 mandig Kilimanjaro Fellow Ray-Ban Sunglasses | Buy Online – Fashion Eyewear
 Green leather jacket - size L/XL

┄┄┄┄┄┄┄┄┄┄┄┄┄┄┄┄┄┄┄┄

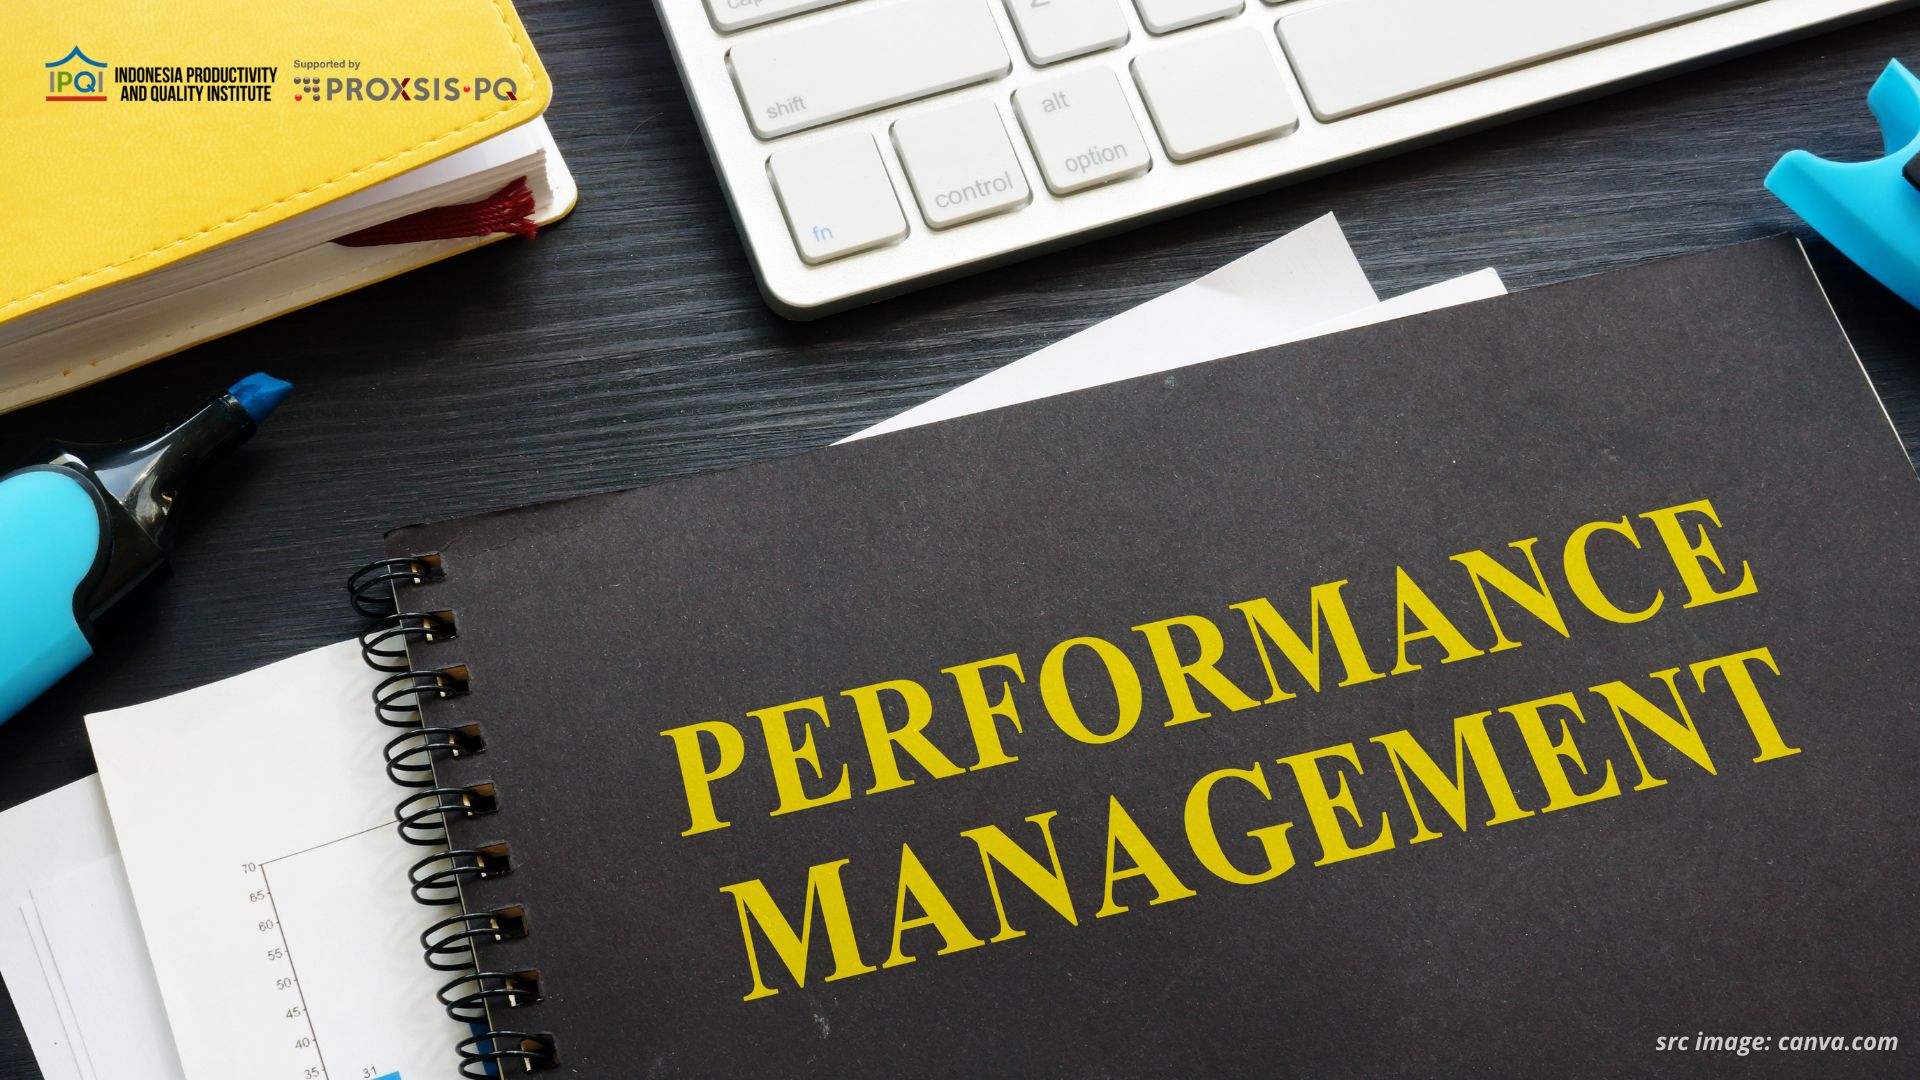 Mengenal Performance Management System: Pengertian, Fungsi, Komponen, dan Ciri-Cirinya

┄┄┄┄┄┄┄┄┄┄┄┄┄┄┄┄┄┄┄┄

WHAT THE TASK REQUIRES: Starting at the line above that contains "mandig Kilimanjaro Fellow", repeat each line exactly up to and including the line that contains "Green leather jacket - size L/XL", and stop there.

SOLUTION FOR THIS EXERCISE:
 mandig Kilimanjaro Fellow Ray-Ban Sunglasses | Buy Online – Fashion Eyewear
 Green leather jacket - size L/XL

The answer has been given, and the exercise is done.